[Provided data]
*****
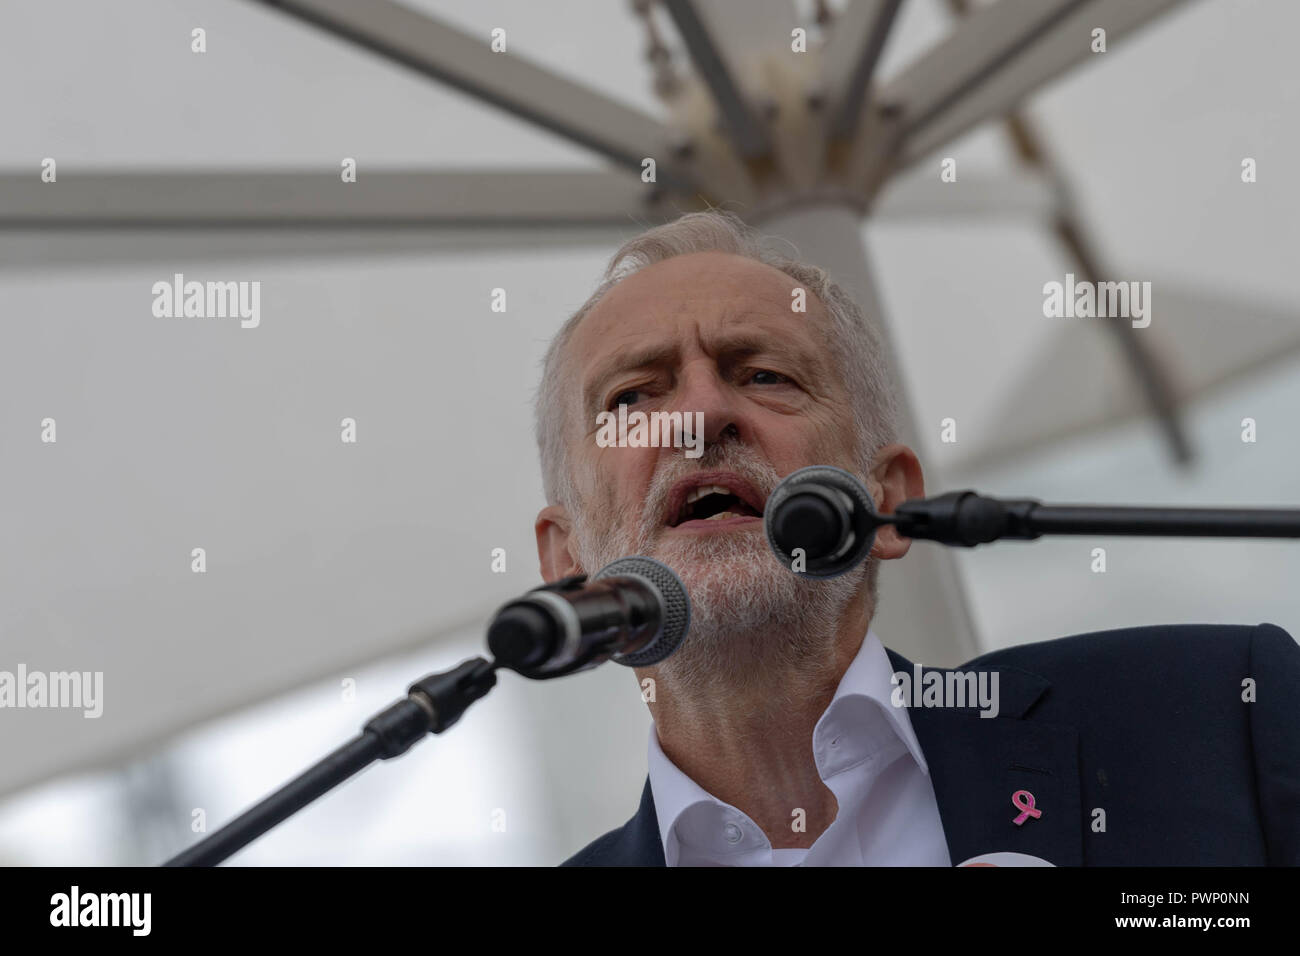 Londres 17 octobre 2018 Further Education Funding protester dans le centre de Londres Jeremy Corbyn parle avec le rallye. Ian Davidson Crédit/Alamy Live News Banque D'Images
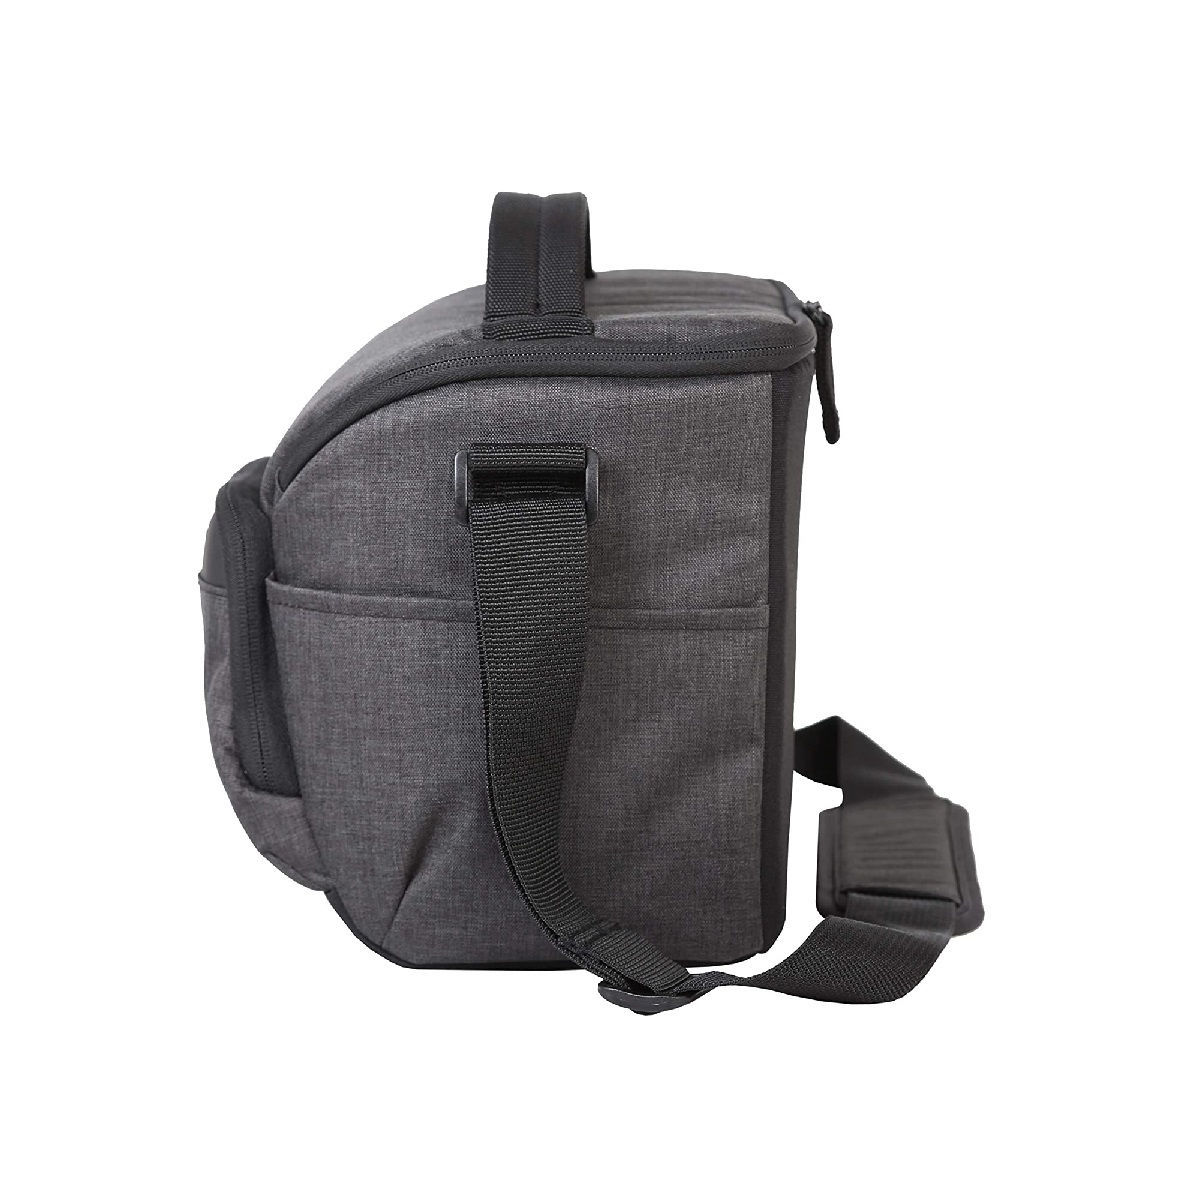 Vanguard Vesta Aspire 25 Shoulder Bag (Grey) | Future Forward
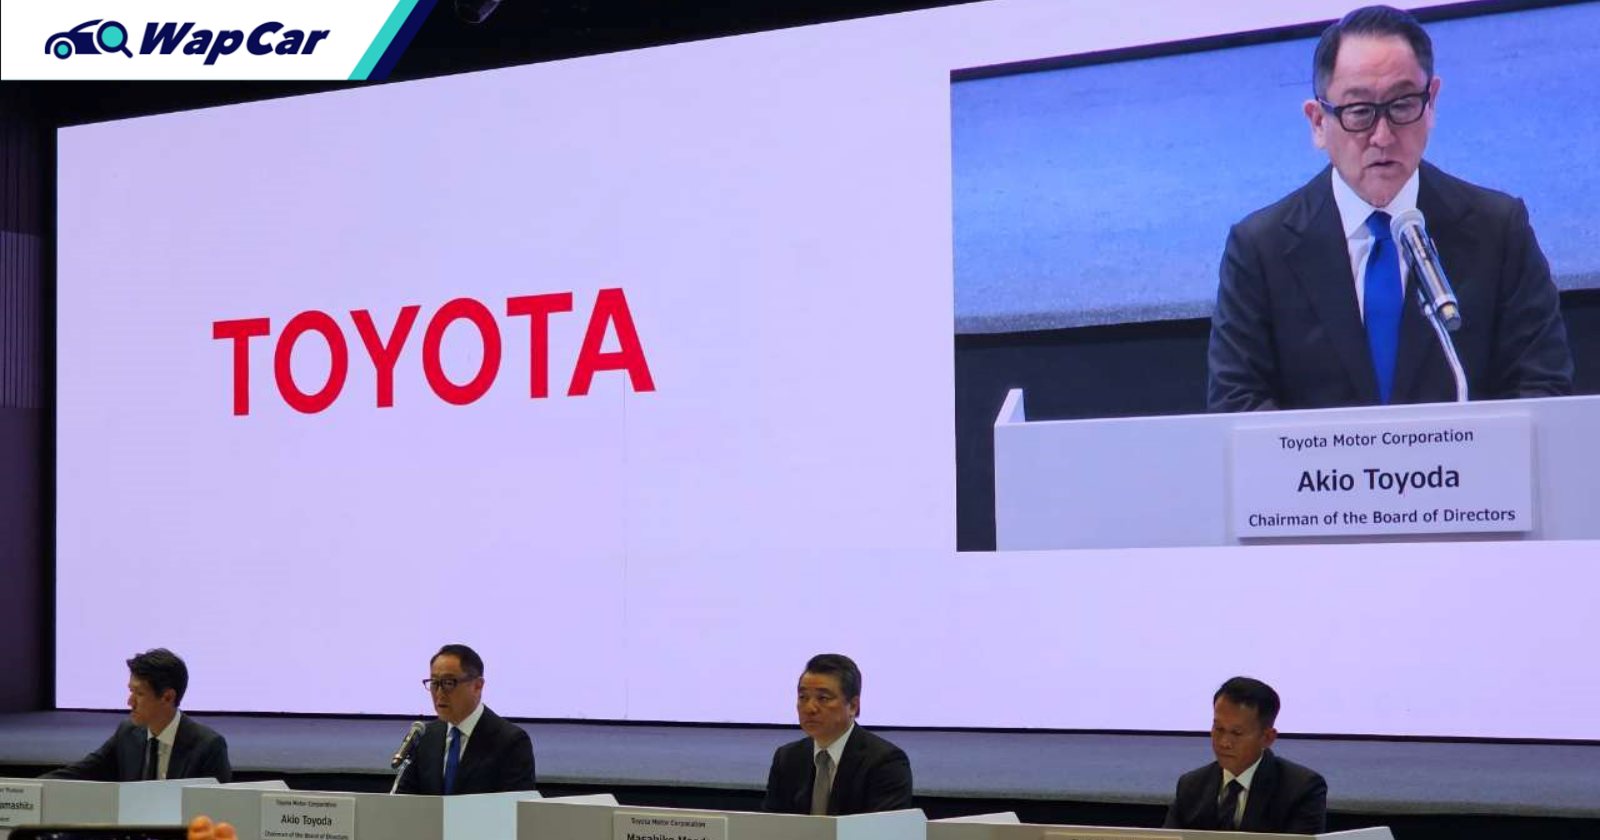 Cựu chủ tịch Toyota đưa ra câu trả lời cuối cùng về tương lai Vios sau scandal gian lận an toàn - Ảnh 3.
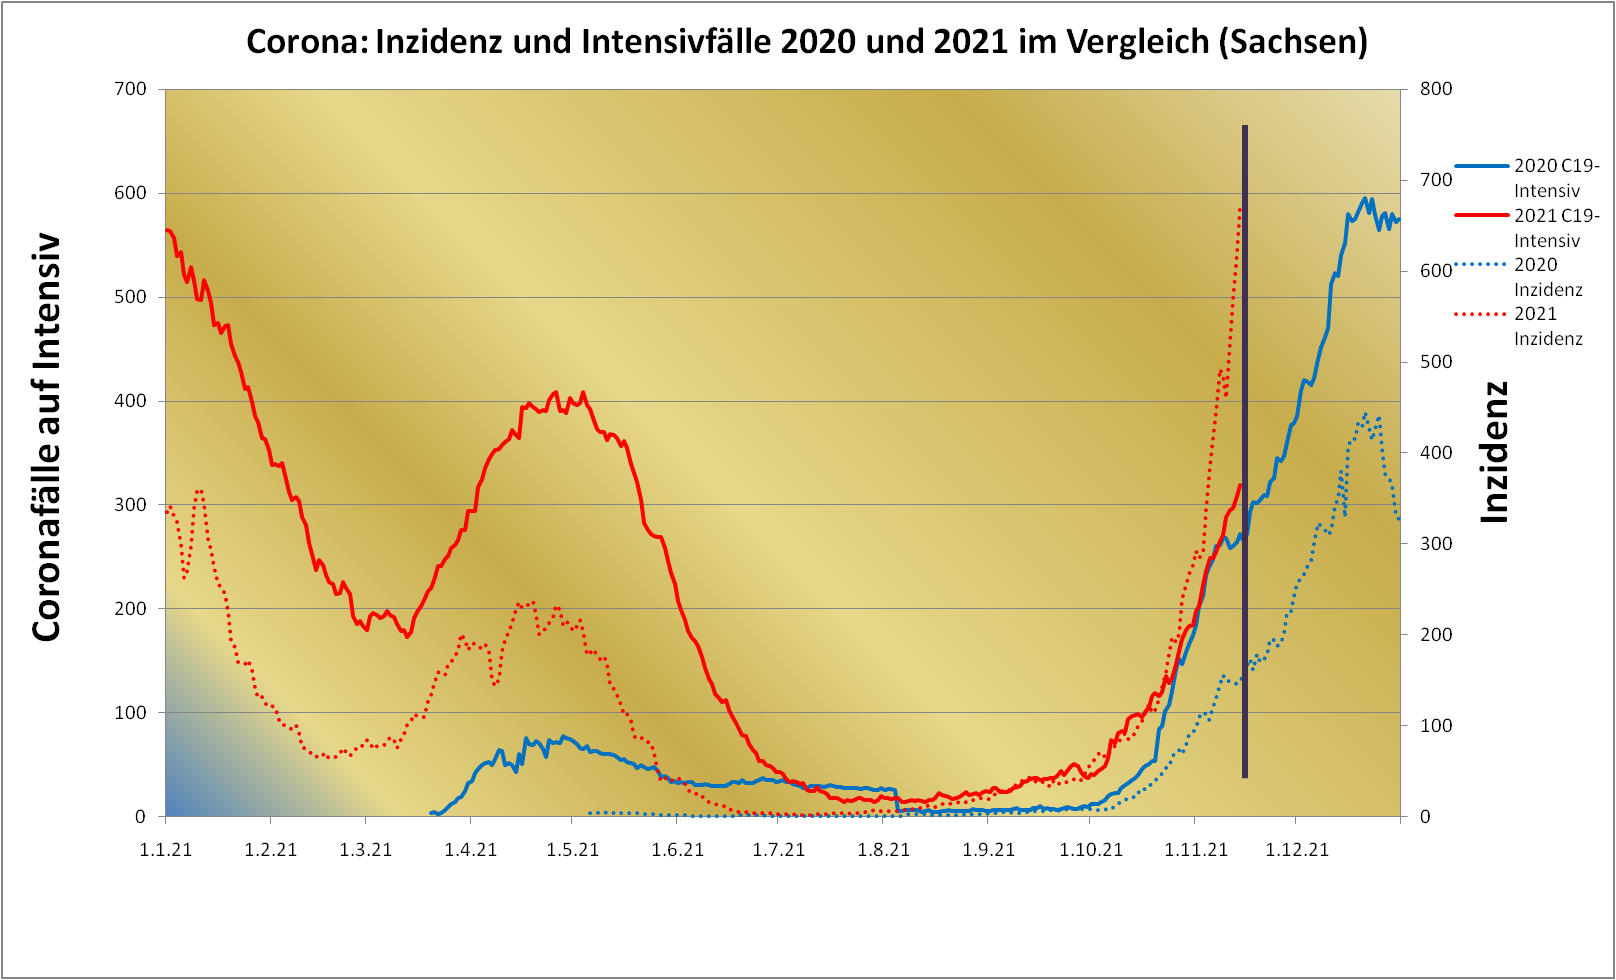 Corona: Inzidenz und Intensivfälle 2020 und 2021 im Vergleich (Sachsen)
*****
[Exercise details] Skip the pictures. Please copy exactly the lines from the one with "Cựu chủ tịch" through the final line of the material above, both ends included.

[Answer below]
 Cựu chủ tịch Toyota đưa ra câu trả lời cuối cùng về tương lai Vios sau scandal gian lận an toàn - Ảnh 3.
 Corona: Inzidenz und Intensivfälle 2020 und 2021 im Vergleich (Sachsen)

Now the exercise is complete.